The book is very anecdotal and -- though it seems weird to say about a Holocaust memoir -- chatty in a matter-of-fact sort of way. Beck is clearly an extrovert who liked and was interested in people: he wants to give a good picture of day-to-day life as it changed throughout the period, and tell any particularly interesting and daring tales of escape or adventure, of which he has many. He's also very interested in drawing a complex, affectionate and truthful picture of the Christian relatives and the ways in which they reacted to the changing situation for the Jewish branch of the family; also he is extremely happy to tell us all about his many and varied romantic and sexual relationships and encounters during this period, whether serious or fleeting, tragic or sweet or coercive or transactional. (Beck's first great love is with a young man who's deported to a camp and dies -- Beck's attempt to rescue him is the story that's told in A Rainbow Thread -- and his second is another one of the young men in his network who survives, albeit on a knife-edge, through the war.) One interesting element of the time is that he rarely if ever seems to encounter additional problems based on his sexuality. In fact, it's rather the reverse -- his family all know about it and are fine with it and are much, much more concerned with his underground activities than with whatever he and his friends might get up to in bed, and he's often able to make queer non-Jewish men sympathize with him and/or make use of their attraction to him to build his network of resources.
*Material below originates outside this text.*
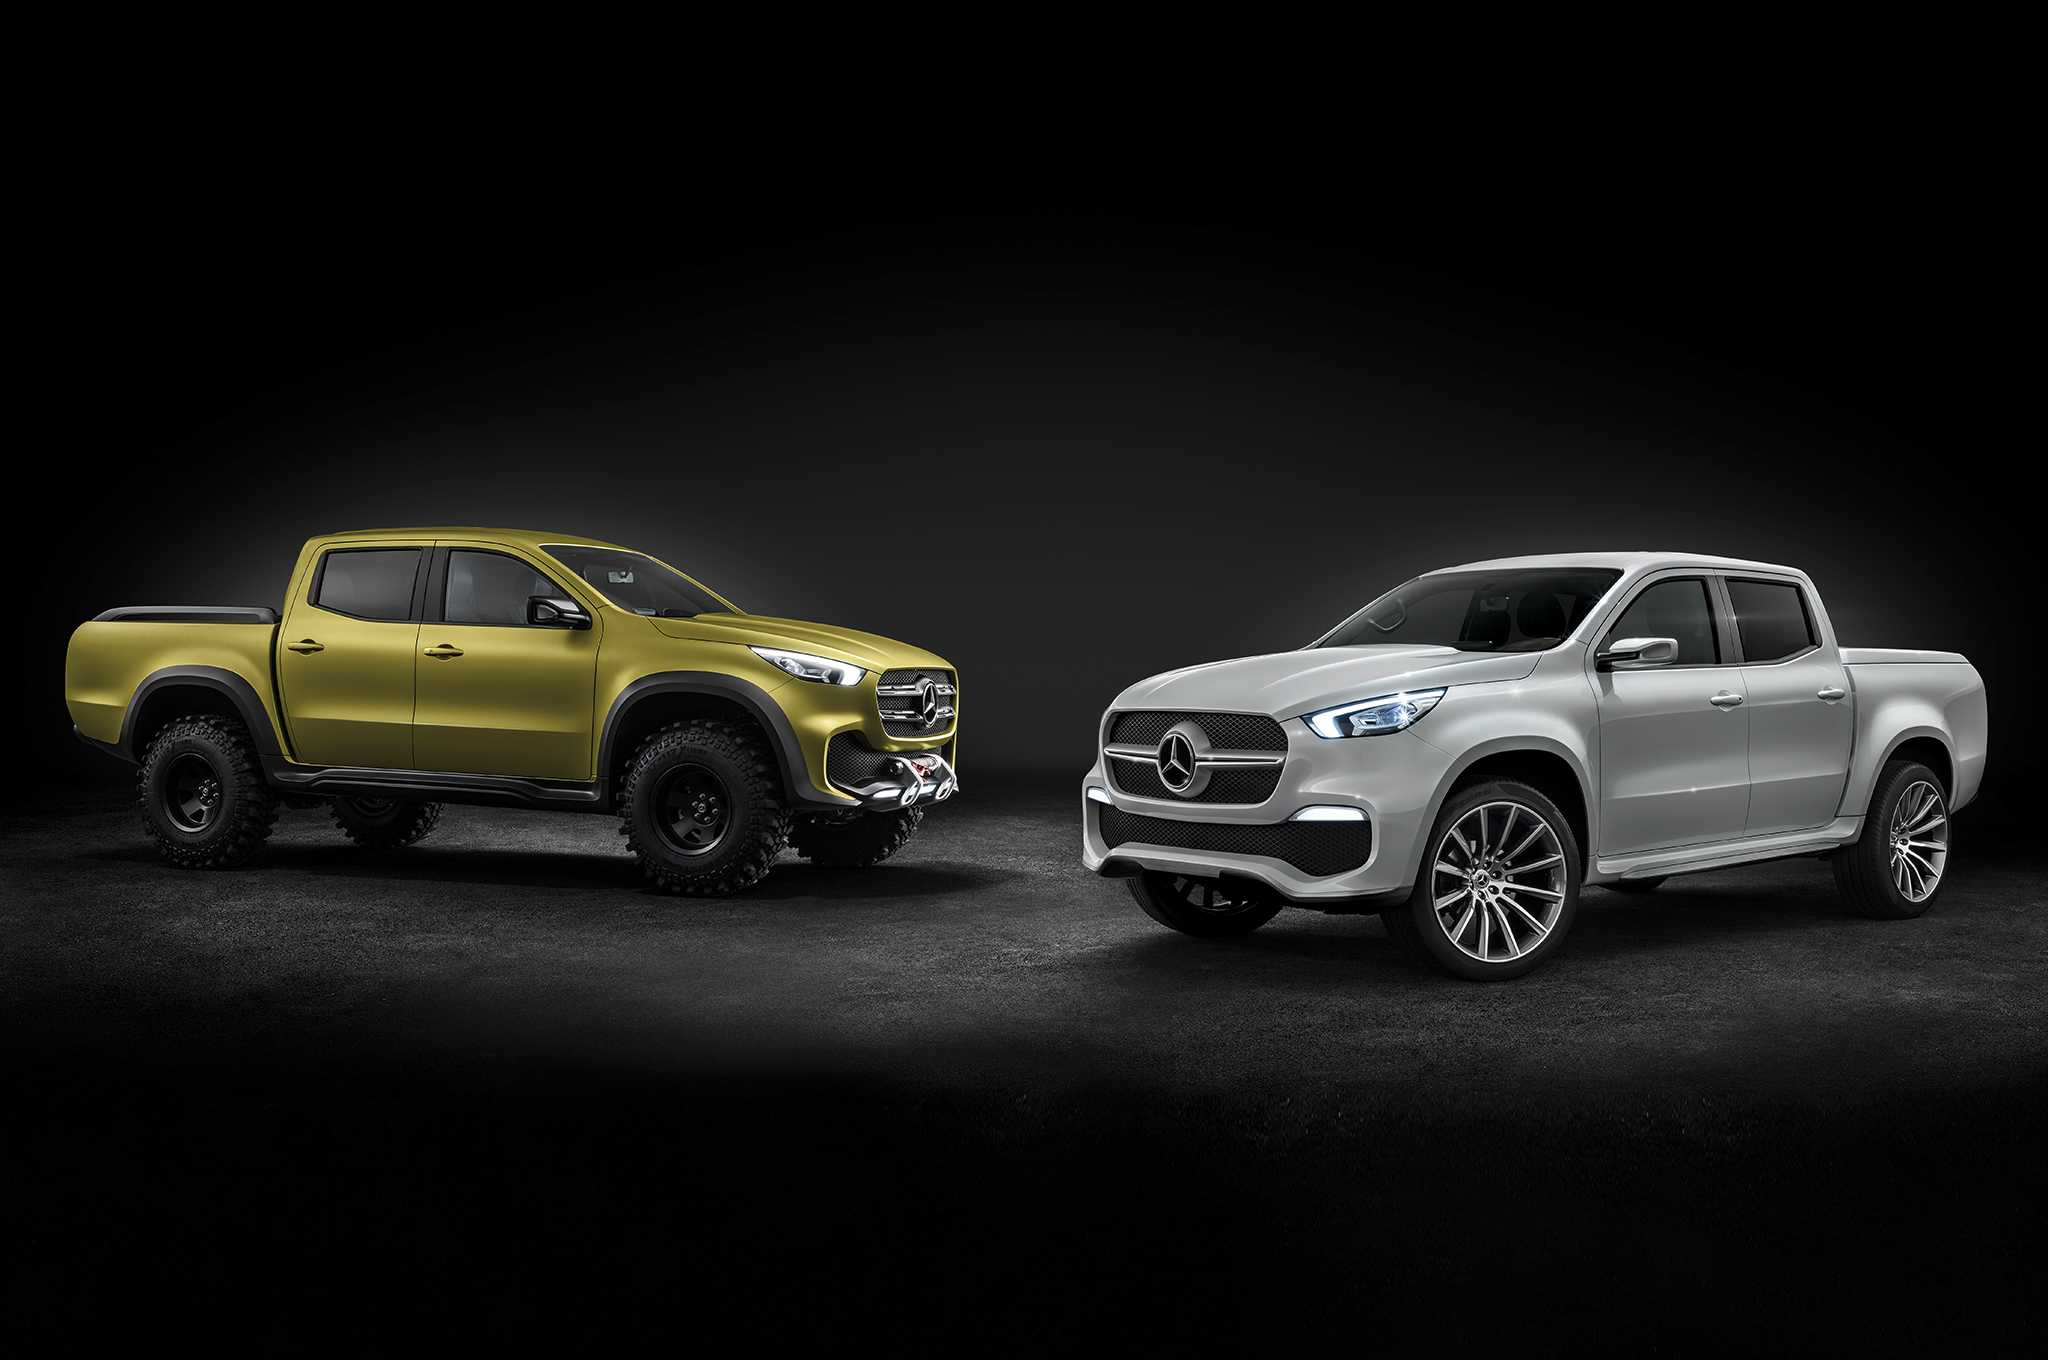 Mercedes Benz X-Class Pickup Truck Models Unveiled at Sweden

(As a sidenote, several of the sexualized interactions with adult men such as an uncle and a teacher that Beck writes about from his childhood are events that made me deeply uncomfortable to read about, though Beck himself seems to remember them fondly as harmless and pleasant encounters that helped him form his own sense of gay identity and I do not feel it is for me to complain about how Gad Beck contextualizes his own experiences.)

A slim and incredibly interesting and individualized little book, about a deeply interesting individual during a deeply weird and bad time.